Charge Buildup at Boundaries¶

Consider the situation in the figure below, at a boundary between two media with different conductivities but both with dielectric permittivity $$\varepsilon = \varepsilon_0$$.

We will show how charge buildup occurs at such an interface using conservation of charge, Ohm’s law and the interface condition on the normal component of electric displacement. Recall the integral equation expressing conservation of charge

(333)$\int_A \mathbf{j} \cdot da = - \frac{d}{dt} \int_V \rho dv = - \frac{dQ}{dt}.$

In steady state, $$dQ/dt = 0$$. Taking the surface of integration as our standard Gaussian pillbox (see boundary conditions page), the integral can be evaluated as

(334)$\begin{split}(\mathbf{j}_2-\mathbf{j}_1)\cdot\hat{\mathbf{n}} &= 0 \\ j_{2n} &= j_{1n}.\end{split}$

where $$j_{1n}$$ and $$j_{2n}$$ are the normal components of current density on either side of the interface. So we see that direct current is continuous across material interfaces.
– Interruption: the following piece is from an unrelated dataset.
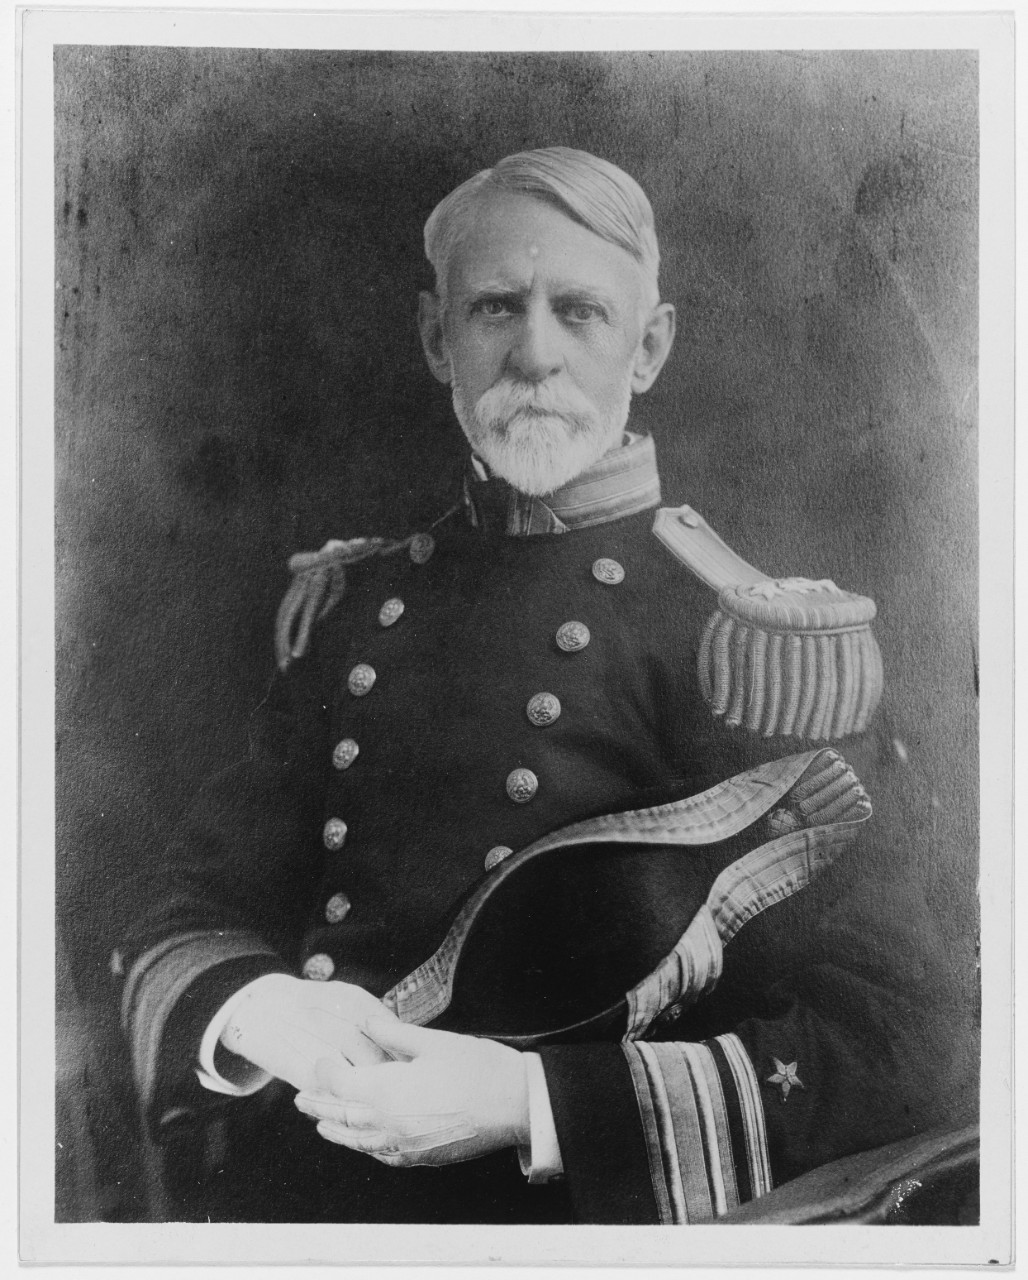 Rear Admiral George W. Sumner, USN

If we assume, linear, isotropic earth materials, we can apply Ohm’s law ($$\mathbf{j}_f = \sigma\mathbf{e}$$) to this equation, yielding

(335)$\sigma_2\mathbf{e}_{2n} = \sigma_1\mathbf{e}_{1n}.$

Since we assume that both materials have dielectric permittivity $$\varepsilon = \varepsilon_0$$, we can write the interface condition on the normal component of electric displacement in terms of the electric field

(336)$\mathbf{e}_{2n}-\mathbf{e}_{1n}\ = \frac{\tau_f}{\varepsilon_0},$

where $$\tau_f$$ is the free surface charge density on the boundary.

combining the two previous equations we can express the charge buildup in terms of the ratio of the two conductivities

(337)$\frac{\tau_f}{\varepsilon_0} = \Big(\frac{\sigma_1}{\sigma_2}-1\Big)\mathbf{e}_{1n}.$

In the case where current is flowing from a resistive layer to a more conductive layer (i.e. $$\sigma_2 > \sigma_1$$),

$\sigma_1 < \sigma_2 \implies \tau_f <0$

We get a buildup of negative charges on the boundary, and in the case where flow is from a resistive layer to a conductive layer (i.e. $$\sigma_1 > \sigma_2$$)

$\sigma_1 > \sigma_2 \implies \tau_f >0$

We get a buildup of positive charges on the boundary.